- [EXERCISE]: Down to the last line, print the data that follows exactly, without its pictures.

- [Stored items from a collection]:
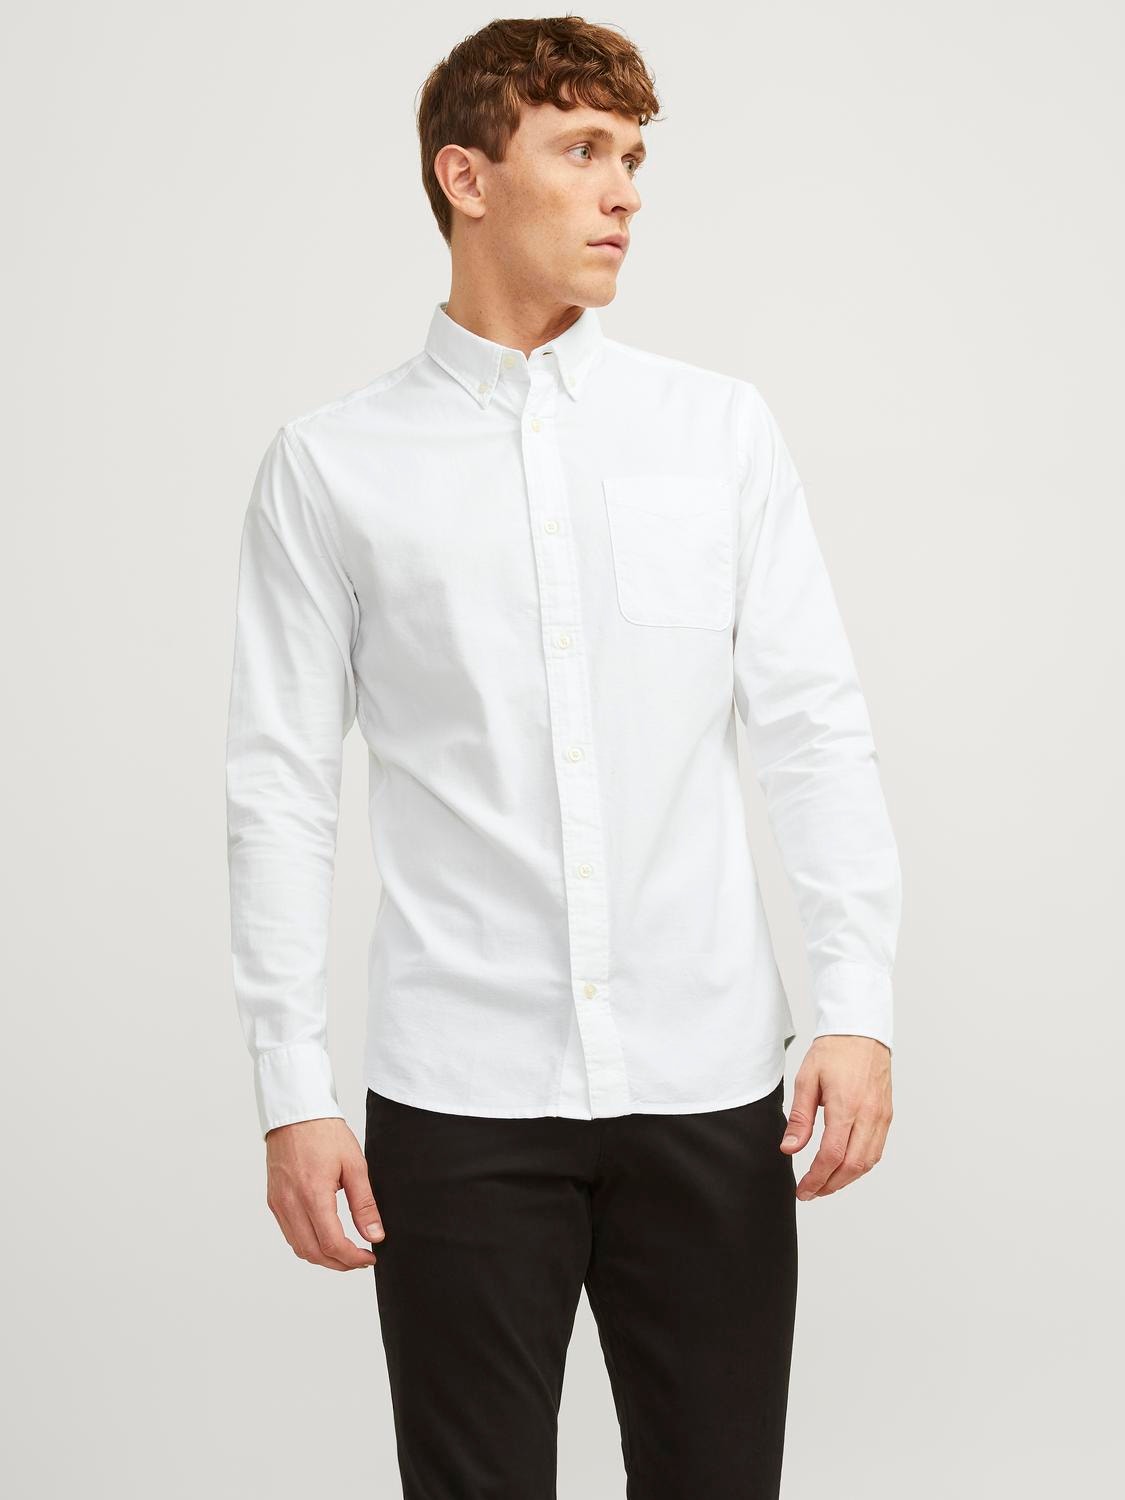 Jack & Jones Slim Fit Oficialūs marškiniai -White - 12192150
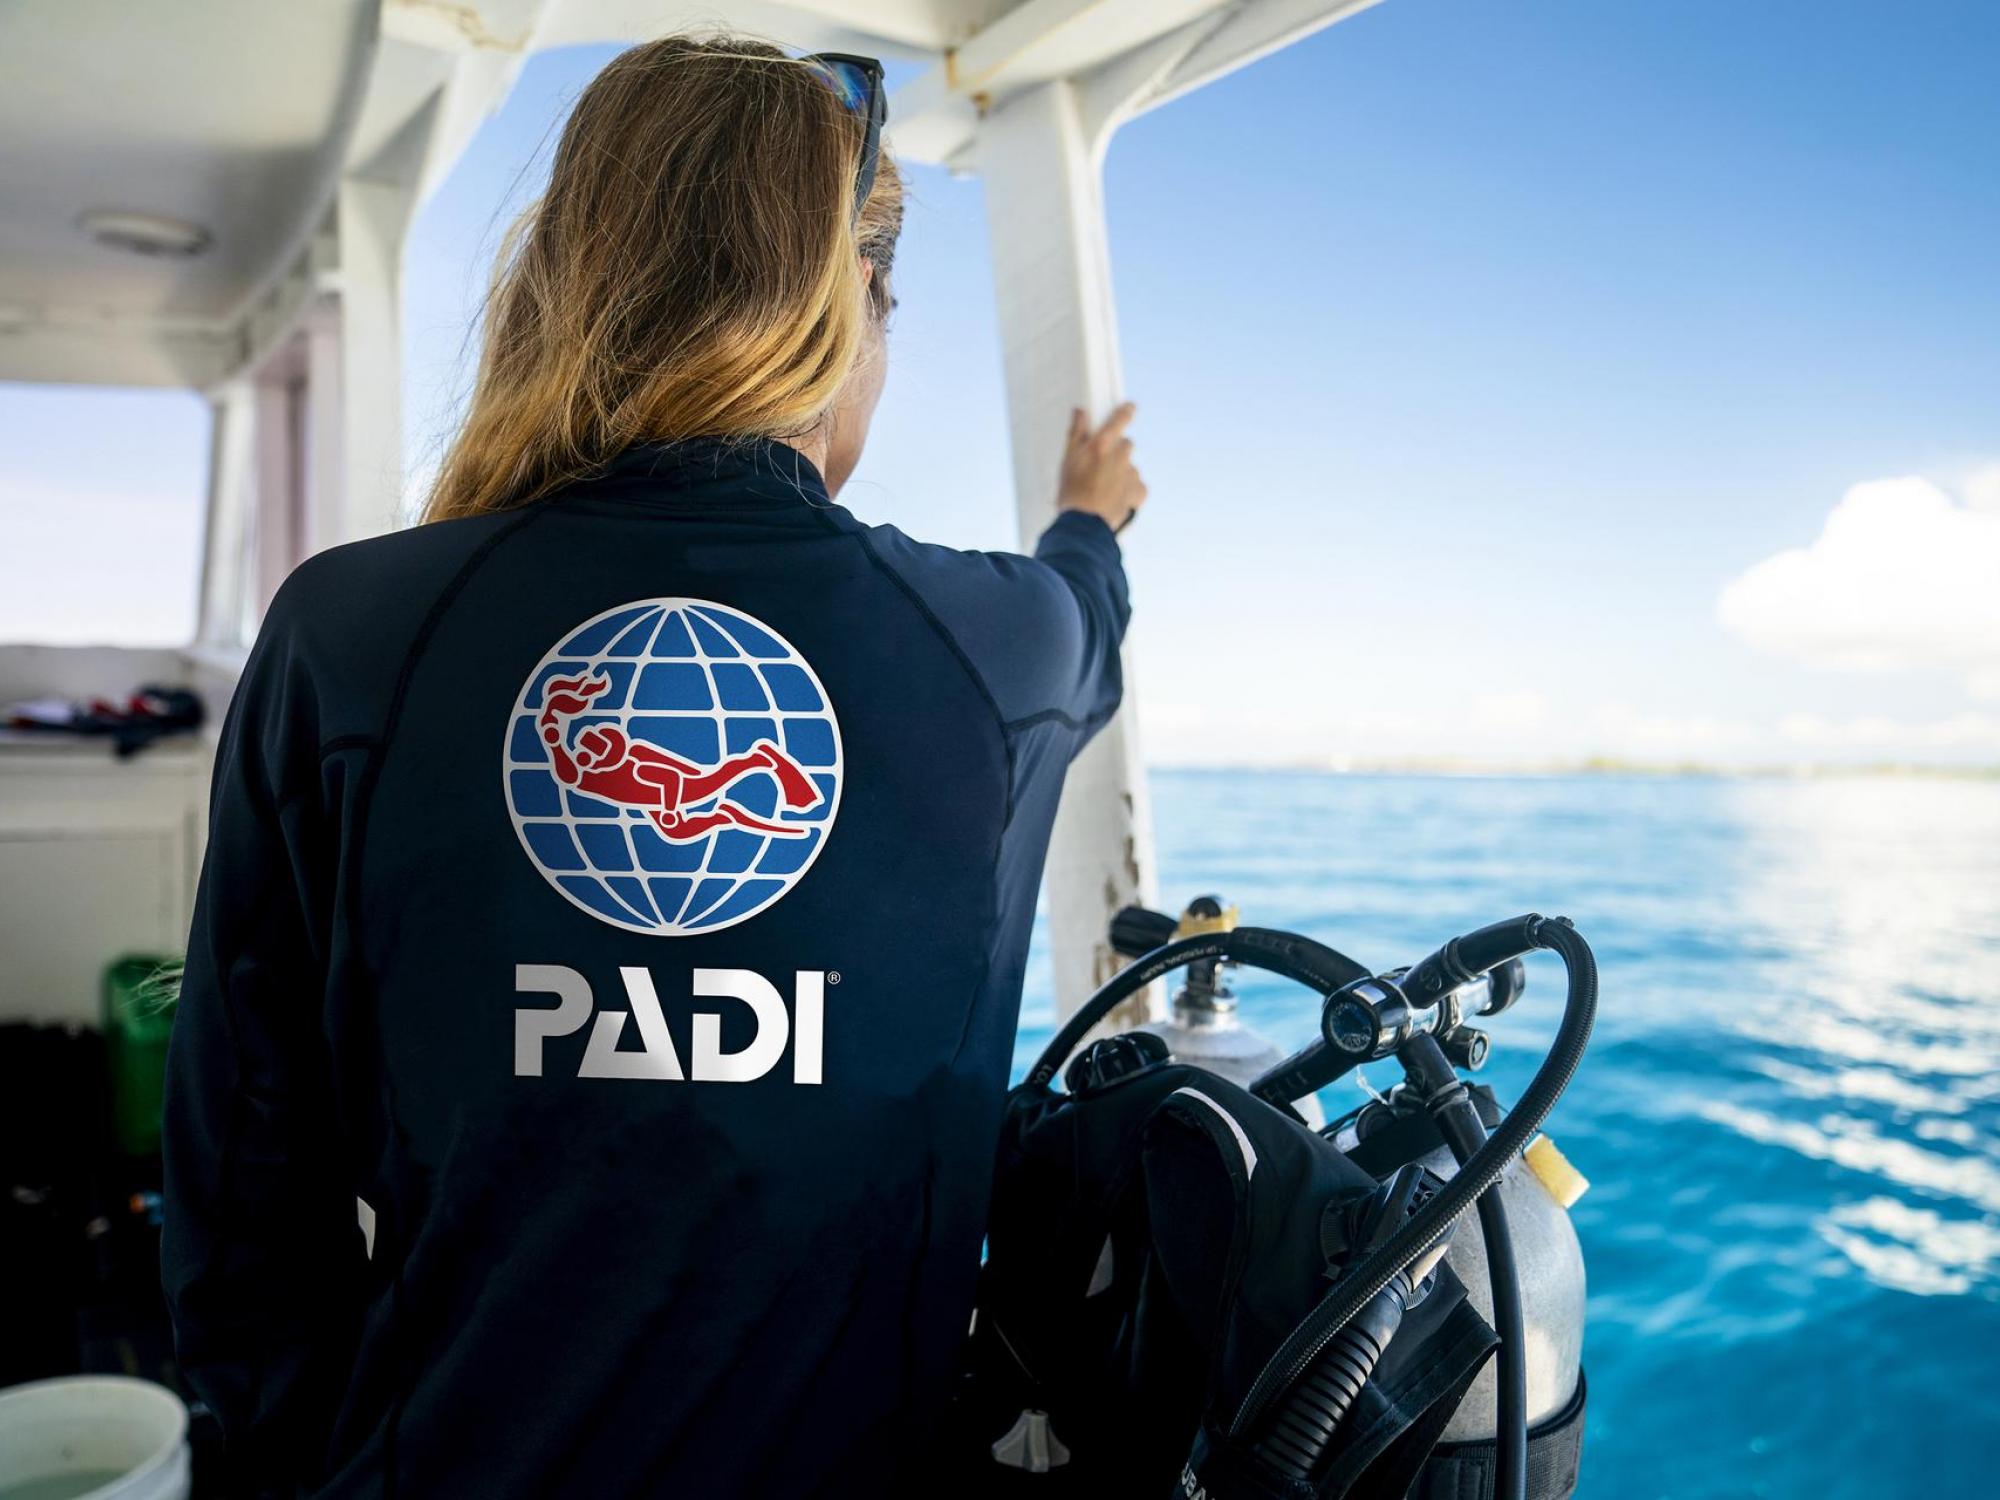 PADI member on a boat
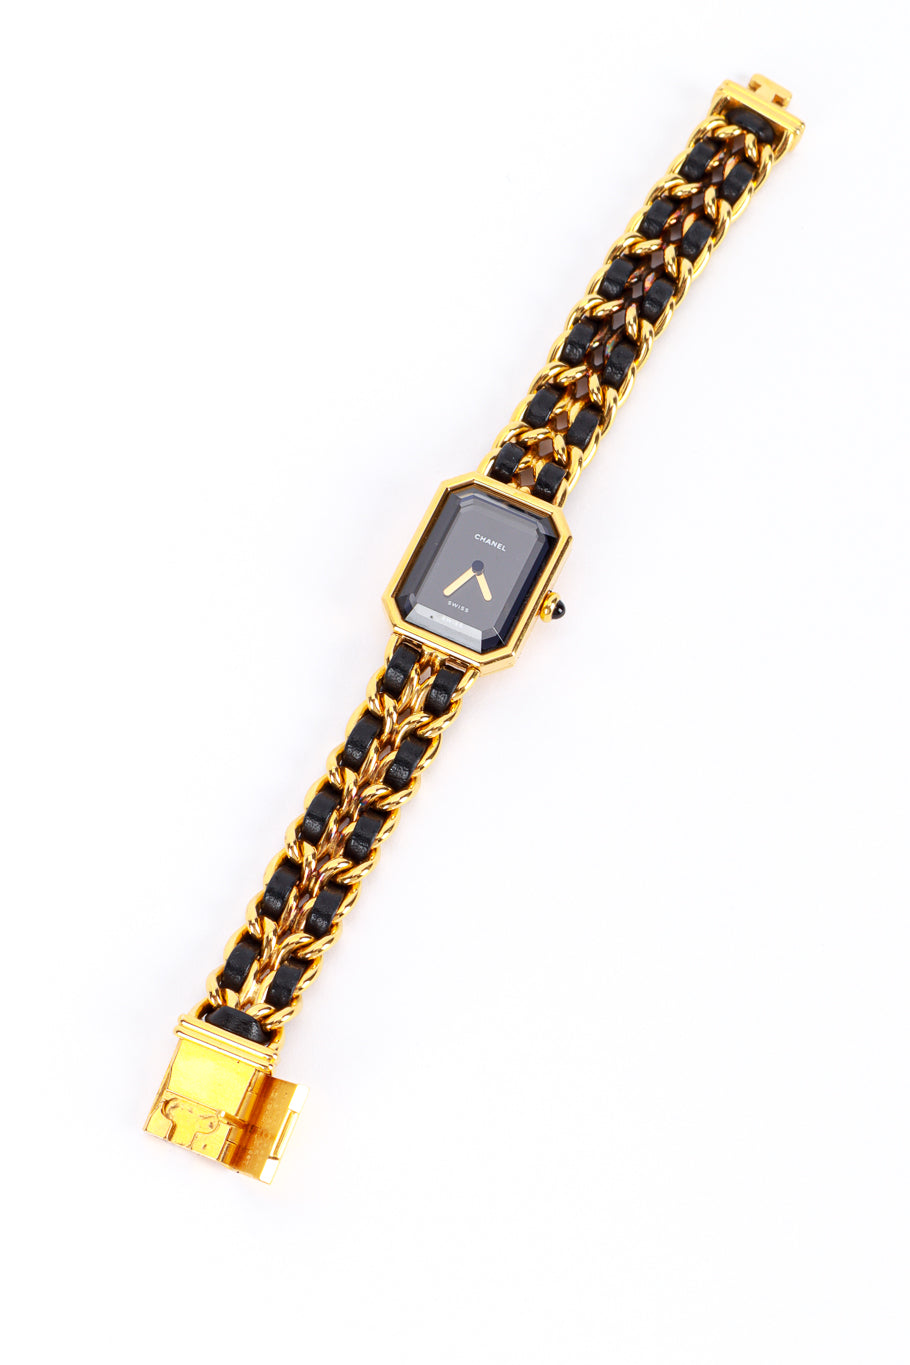 Premier Chain Bracelet Watch by Chanel front flat lay @RECESS LA
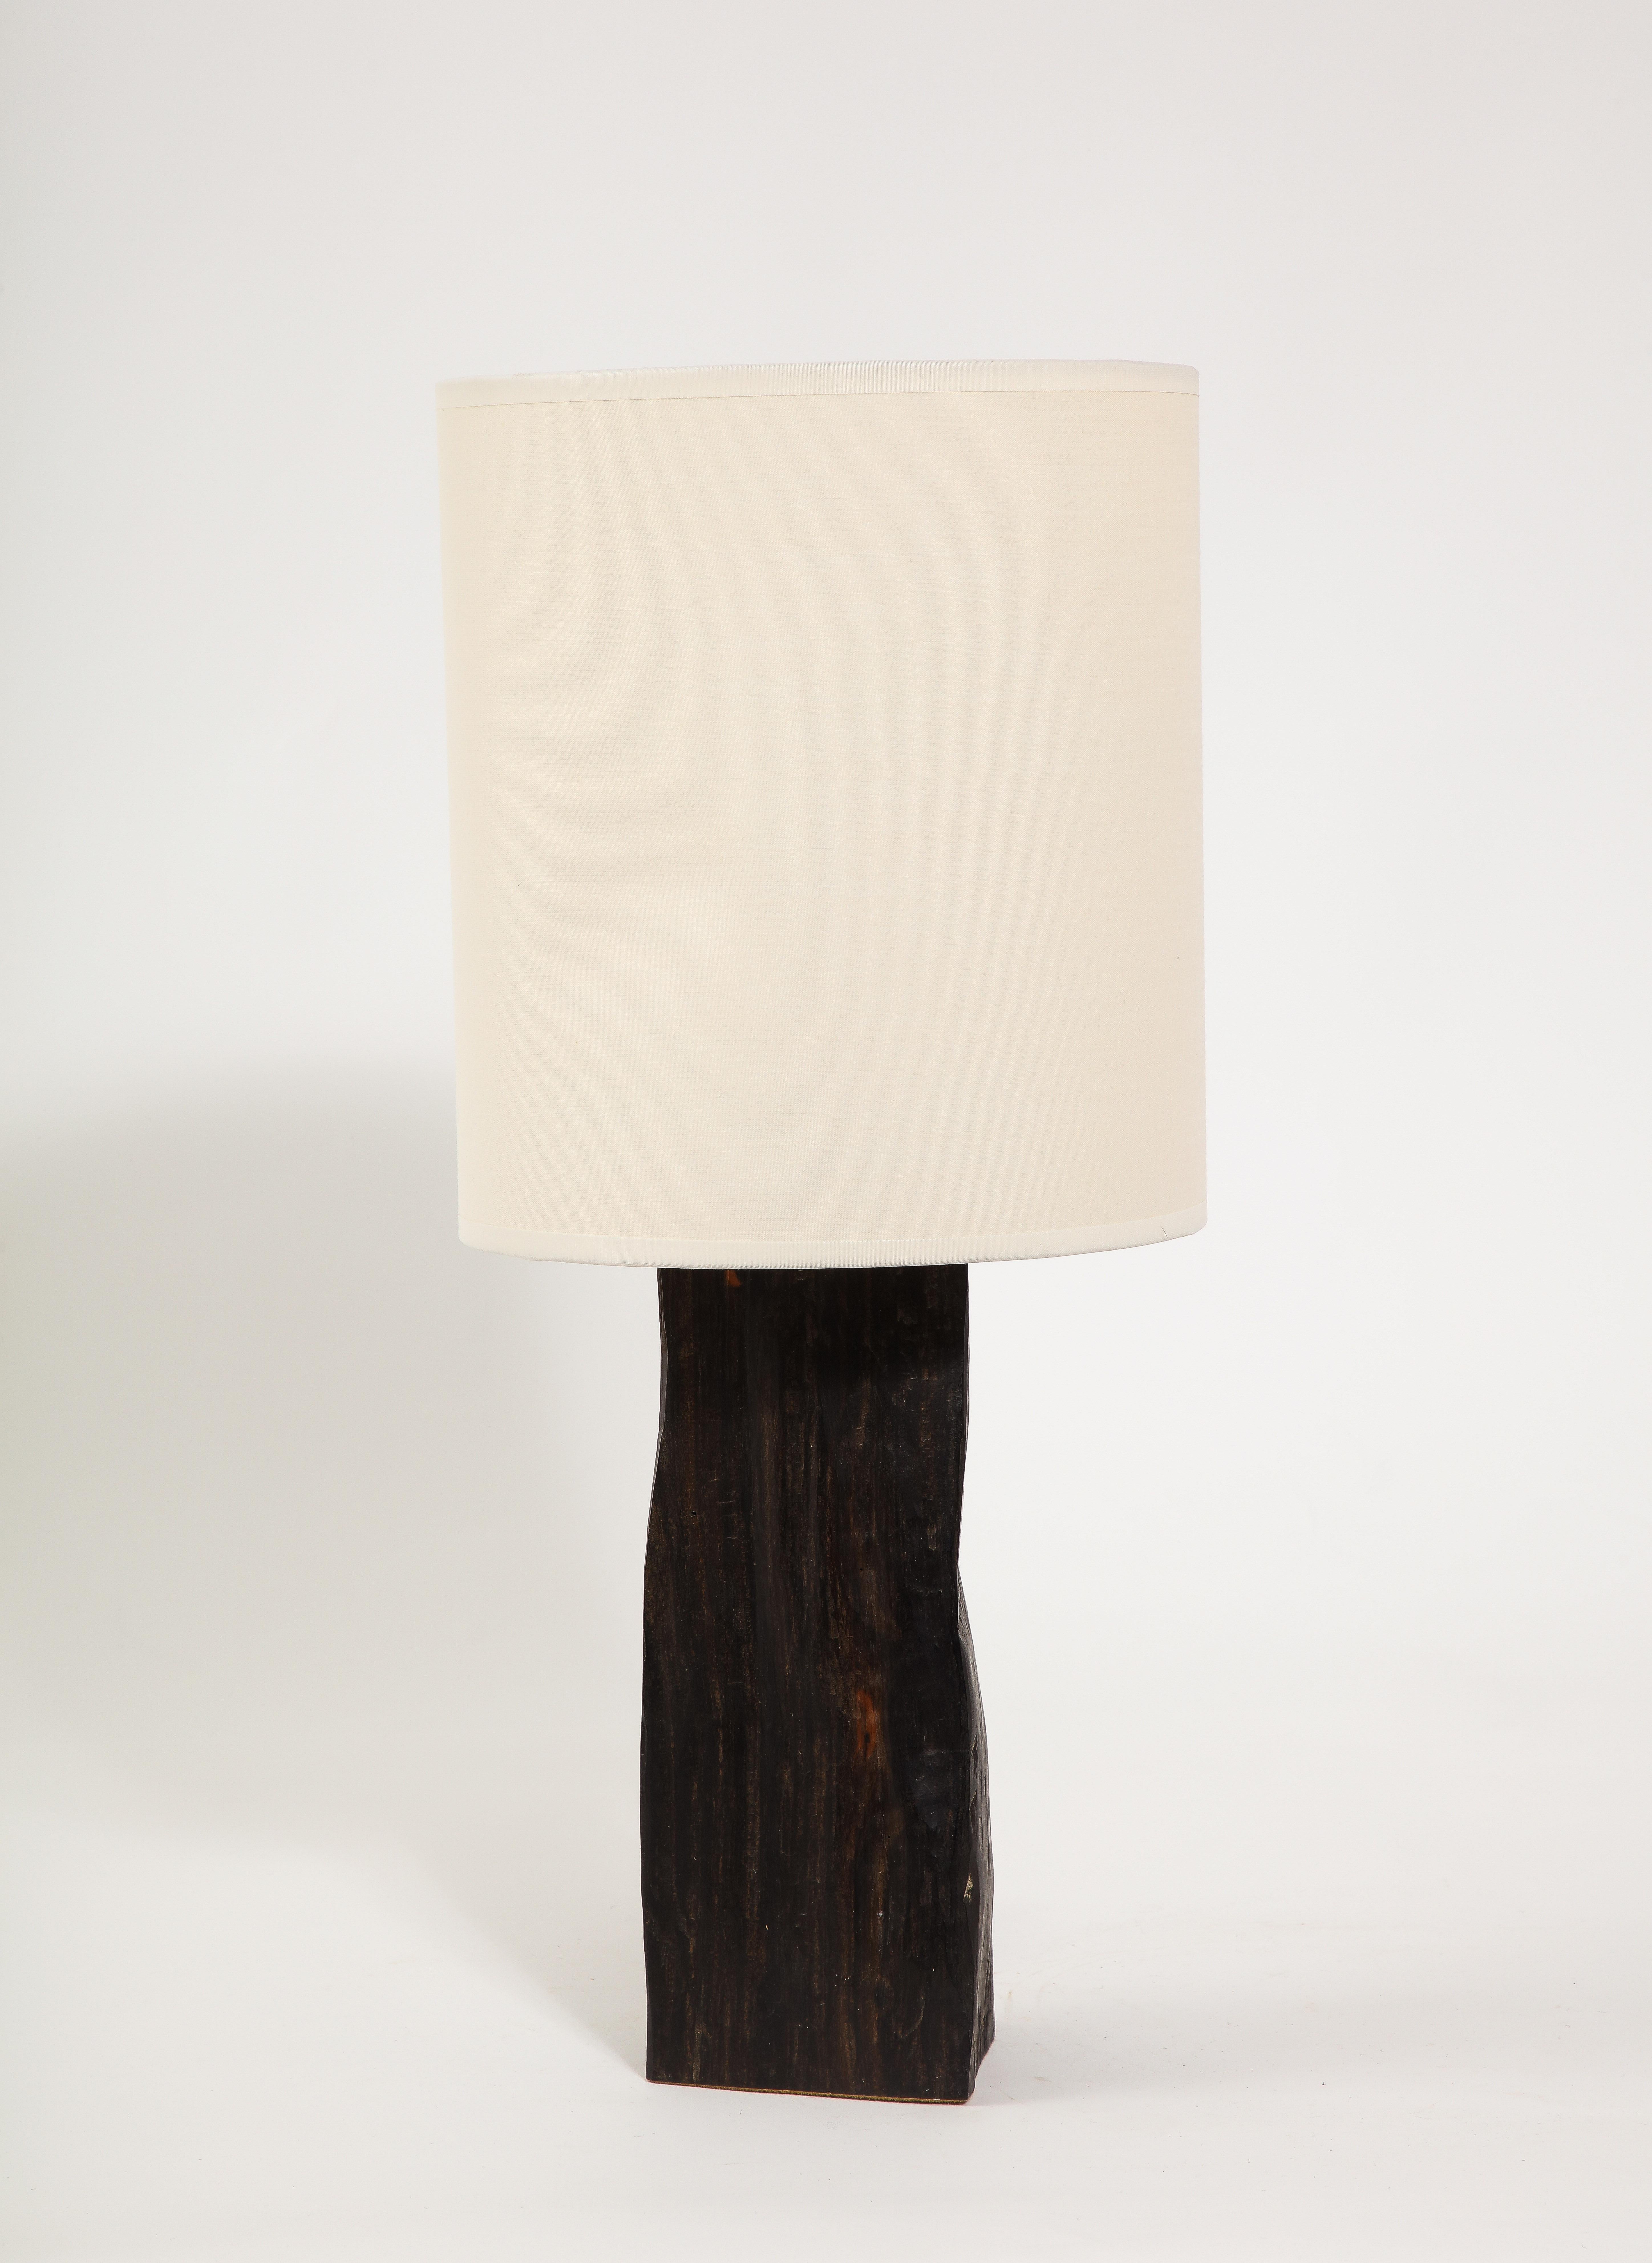 Lampe de table en ébène massif avec une finition polie à la main

11x5x4 Base seulement

- [WRITTEN RESPONSE]:
 Jack & Jones Slim Fit Oficialūs marškiniai -White - 12192150
 PADI member on a boat
 Premier Chain Bracelet Watch by Chanel front flat lay @RECESS LA
 Lampe de table en ébène massif avec une finition polie à la main

11x5x4 Base seulement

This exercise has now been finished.